Is Your CEO Too Diligent?

by John Cohen

Many CEO’s control virtually all contact between the organization and the (independent) Board of Directors.  This practice may reflect the diligence of the CEO but also creates potentially serious risks to the organization and to the Board.

Insuring that the Board receives accurate information is within the CEO’s job description but also provides the CEO with the opportunity to hide “bad news.”  In the worst case, the CEO may be abusing his/her power within the organization while preventing the Board from getting even a whiff of brewing problems, including waste, fraud, and noncompliance with legal regulations and the organization’s policies.

Virtually every scandal involving a CEO exhibits a profile in which employees are afraid for their jobs, Board members are friends of the CEO, and the auditors work under the unstated threat of losing a good client.  Newspaper headlines are full of such examples, from local nonprofits to the infamous Enrons and Tyco’s of recent memory.

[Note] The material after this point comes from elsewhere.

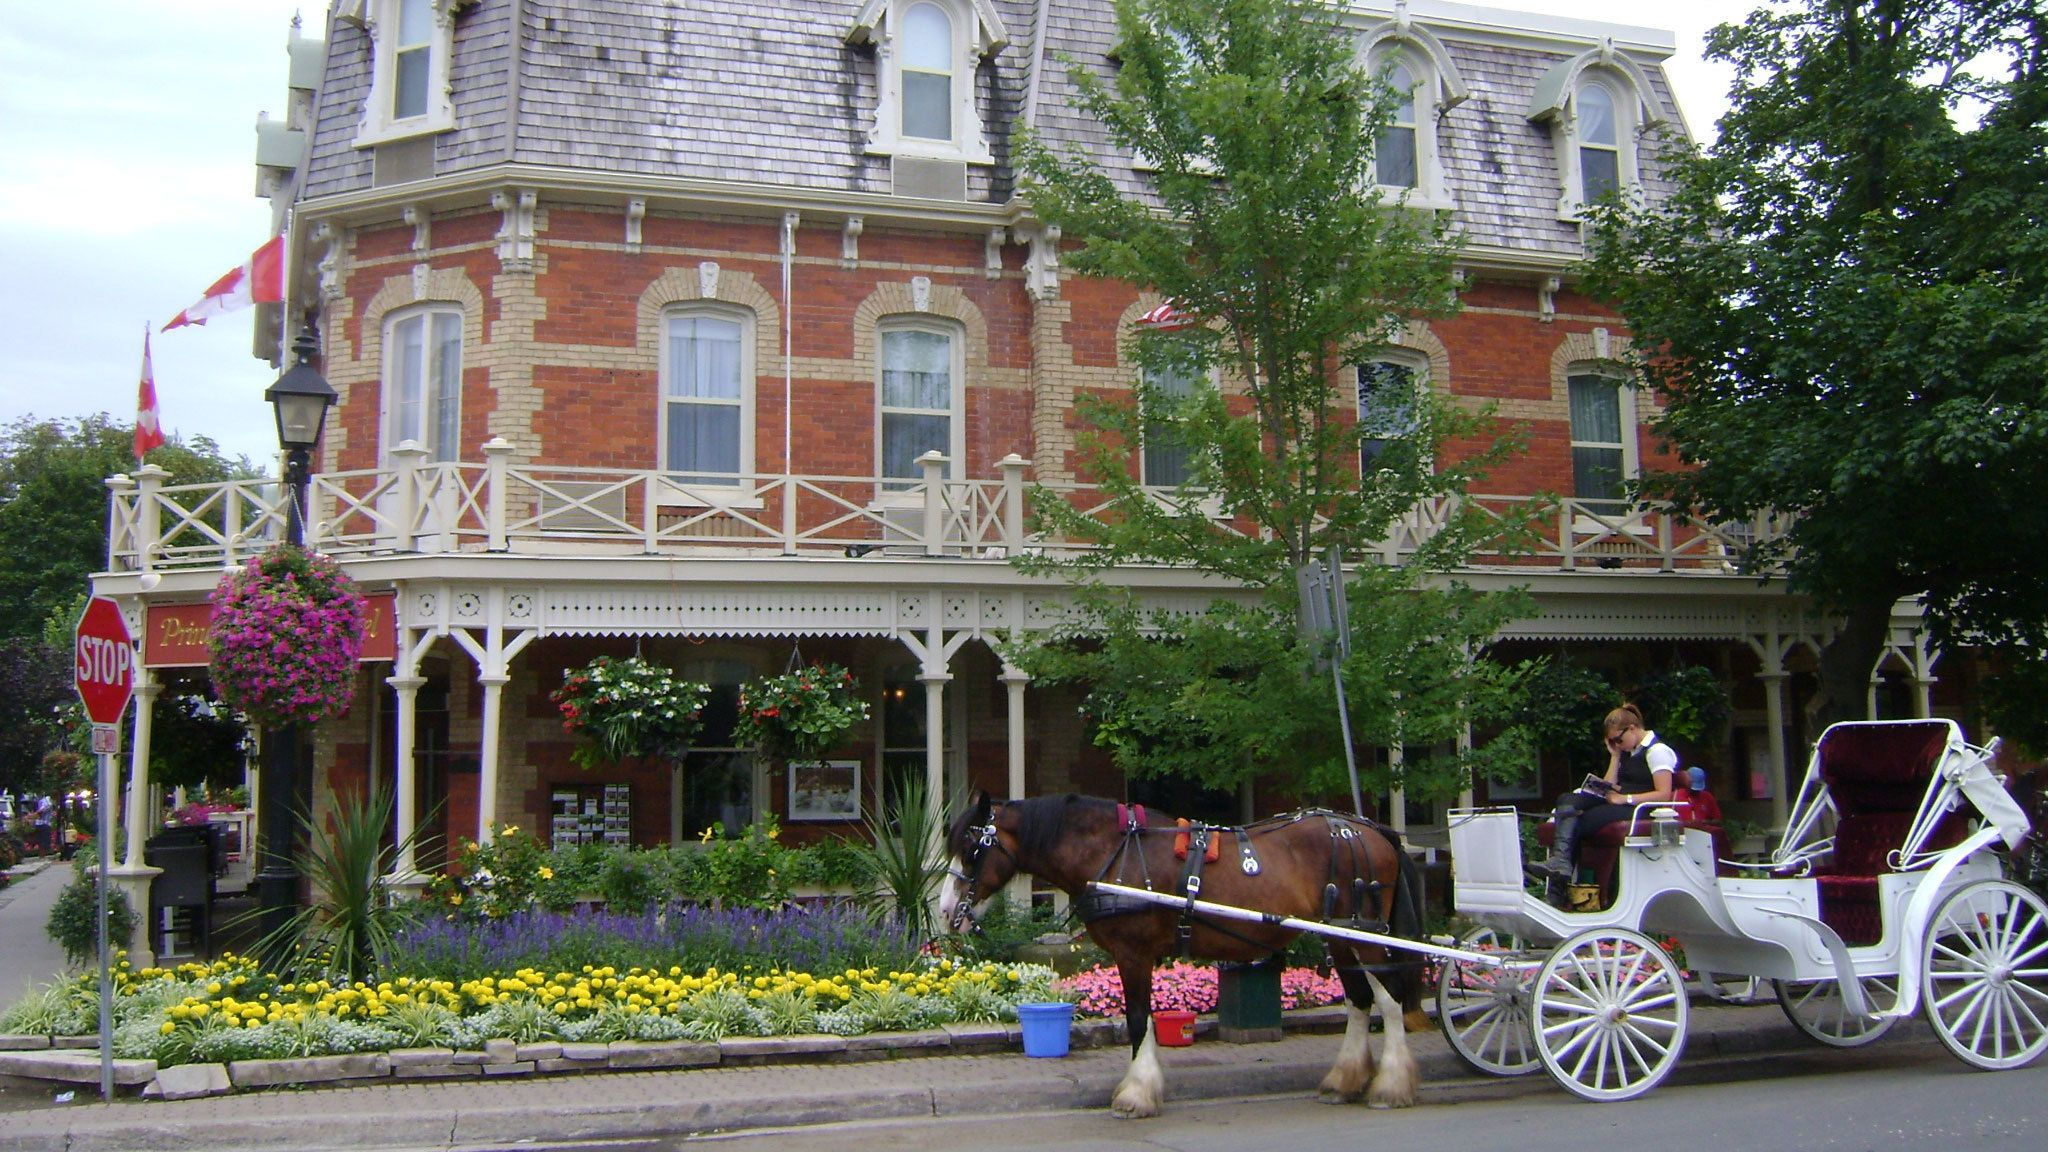 Horse drawn carriage outside of building at Niagara Falls

No one wants to make themselves into a pariah on a Board of Directors, especially a volunteer nonprofit board.  However, here are some standard “best practices” measures which are both inoffensive and very effective.

1. The Board (not the CEO) should recruit someone with strong accounting credentials (e.g., an experienced CPA or CFO) to become a Board member.  He/she can suggest more thorough or more understandable financial statement information, can ask “hard” questions, and will reduce dependence on the CEO for explanations of data.

2. The Board should form an Audit Committee to which the CPA audit firm reports directly and communicates outside the presence of the CEO.  The Audit Committee is not to be confused with a Finance Committee, which generally expends most of its effort in the budget effort and analysis of interim financial results.

3. Arrange to have a short presentation by different managers at each Board meeting.  These presentations make Board members’ decision-making more informative and give the members the opportunity to ask questions which may result in some unexpected “red flag” reactions.

4. Consider a whistle-blower telephone line.  This is extremely effective and not costly.  Check with your legal counsel who can recommend a written policy and refer you to a service.


NPA Consultants are interim/part-time CFO/Controllers and Process Improvement Consultants, specializing in Governance, Policies, Procedures, Internal Controls, and Financial Reporting.  We help accounting departments run “better, faster, cheaper,” and Boards of Directors/senior managements insure that they are performing their fiduciary duties at the highest possible level.  We are happy to answer any questions.  Contact us at or 617 694 4600.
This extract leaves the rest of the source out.